Total human RNA (FirstChoice Human Total RNA Survey Panel, Life Technologies) (1 µg) or RNA from HEK293 cells was reverse transcribed at 50 °C using an oligonucleotide (TTCAGGTTTCTGGATTAAGGAC) specific for VEGFA exon 8 (Fig. 4) and Superscript III (Life Technologies). PCR was performed with primers spanning the exon7-8 splice junction (VEGFA_ex7_For1 CAAGATCCGCAGACGTGTAA; VEGFA_ex8_Rev TCTGTCGATGGTGATGGTGT) or within exons 4 and 5 of VEGFA165 and VEGFA165b (VEGF_universal_For TGCGGATCAAACCTCACCAA; VEGF_universal_Rev GGCCCACAGGGATTTTCTTG). PCR amplification was performed using Platinum PCR SuperMix High Fidelity Taq (Life Technologies) with an initial denaturation at 95 °C for 3 min, followed by 40 cycles of 95 °C for 30 s, 55 °C for 30 s and 68 °C for 1 min. Amplicon size was verified by gel electrophoresis on a 2% agarose gel.

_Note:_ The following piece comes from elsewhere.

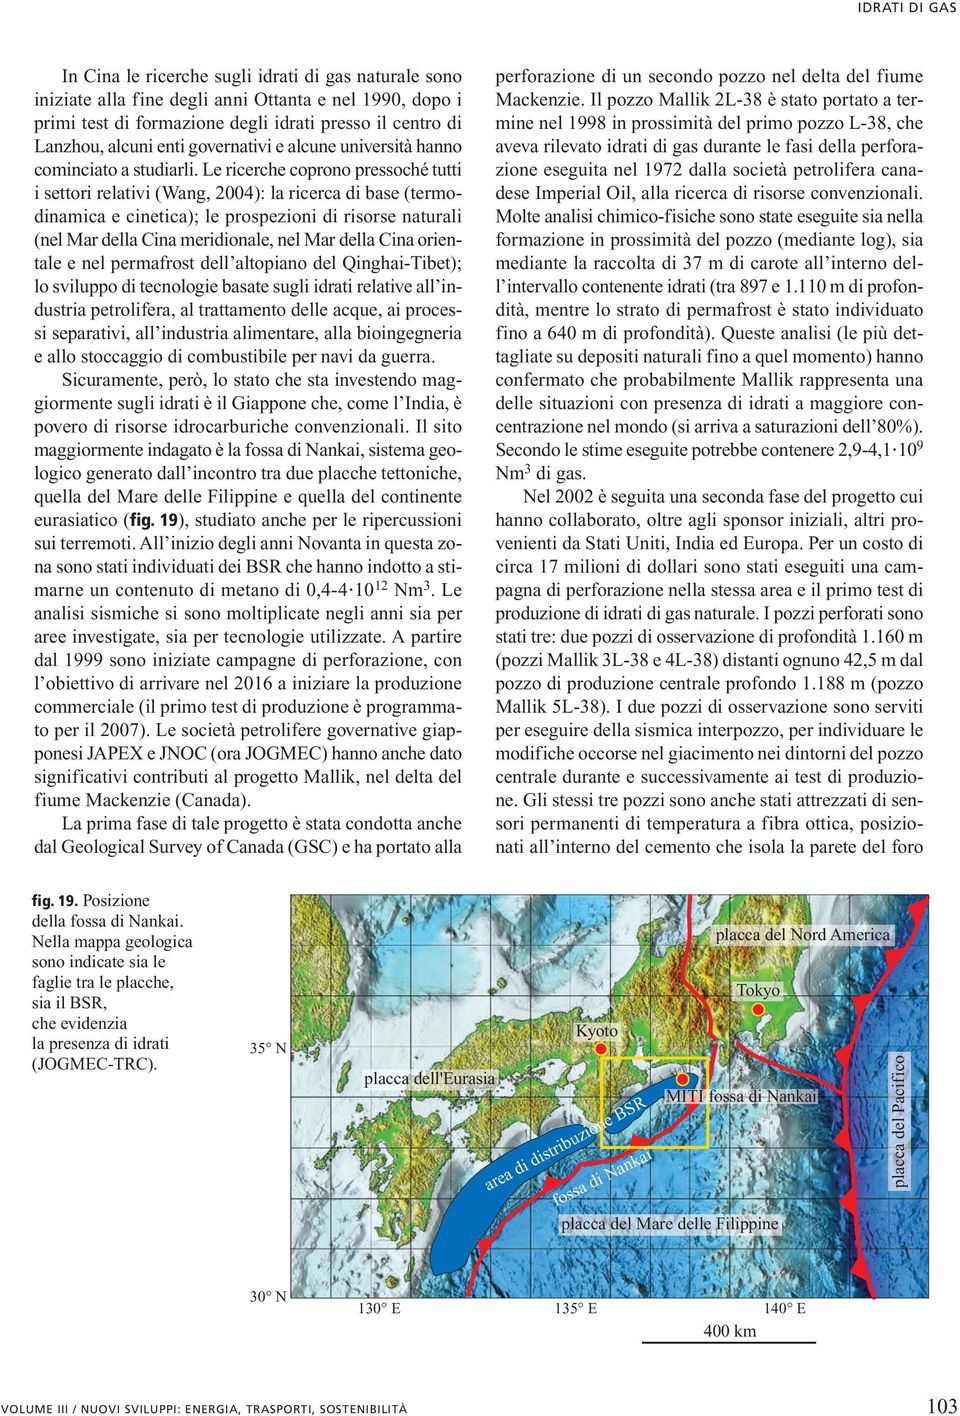 Le ricerche coprono pressoché tutti i settori relativi (Wang, 2004): la ricerca di base (termodinamica e cinetica); le prospezioni di risorse naturali (nel Mar della Cina meridionale, nel Mar della
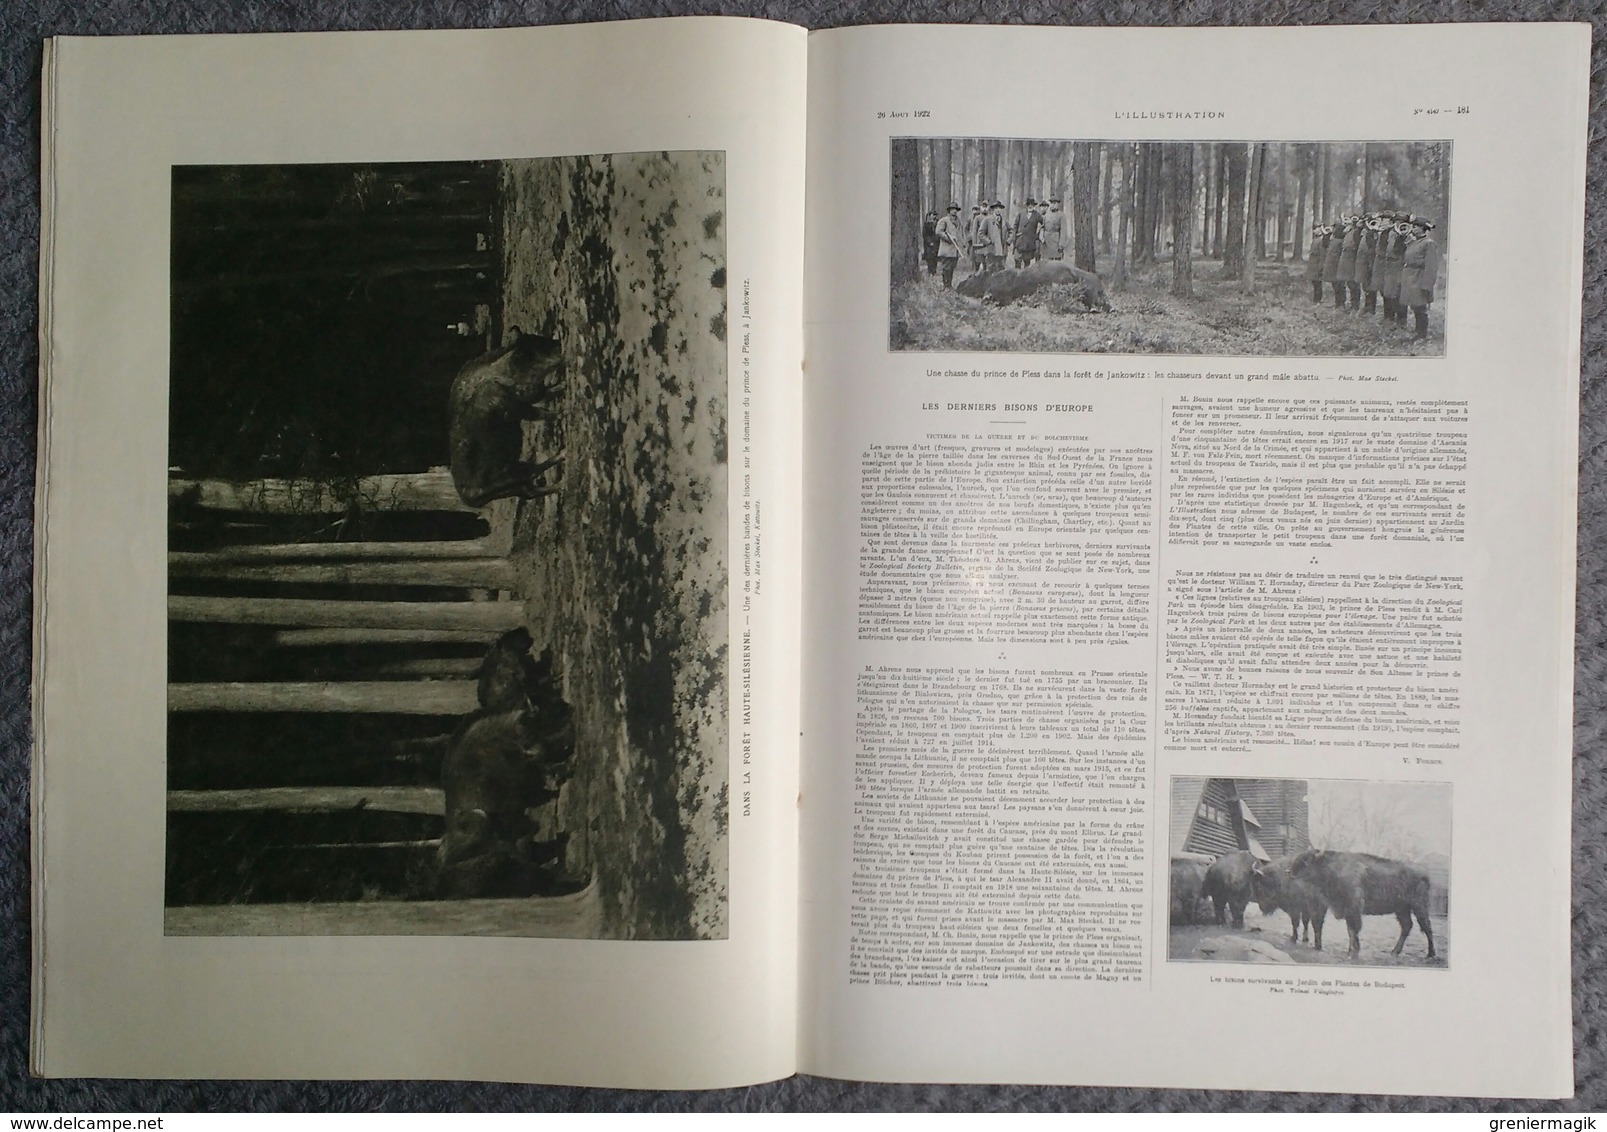 L'Illustration 4147 26 aout 1922 Première borne de la voie sacrée/Ernest Lavisse/Gabriele d'Annunzio/Haute-Silésie bison

Libraries were prepared from PCR products using the Ion Plus fragment library kit (Life Technologies) following the manufacturer’s instructions (MAN0006846) version A.0 with slight modifications. Pooling was not performed until after the libraries were barcoded using the Ion express barcode adaptor kit (Life Technologies). All purification steps were performed using Agencourt AMPure XP Reagent (Beckman Coulter) as indicated in the protocol. Libraries were quantified using the PerfeCTa NGS Quantification Kit for Ion Torrent libraries (Quanta Biosciences). Template preparation was performed on the OneTouch 2 system (Life Technologies) using the Ion PGM Template OT2 200 Kit and protocol version A.0 as recommended by the manufacturer’s instructions (Life Technologies). Sequencing was performed on Ion Torrent PGM (Life Technologies) using the Ion PGM HI-Q Sequencing kit and an Ion 314 Chip Kit V2, following the manufacturer’s instructions (version B.0).

TruSeq stranded mRNA-seq libraries were prepared from total RNA by Edinburgh Genomics, The University of Edinburgh and sequenced on a MiSeq (v2 100PE).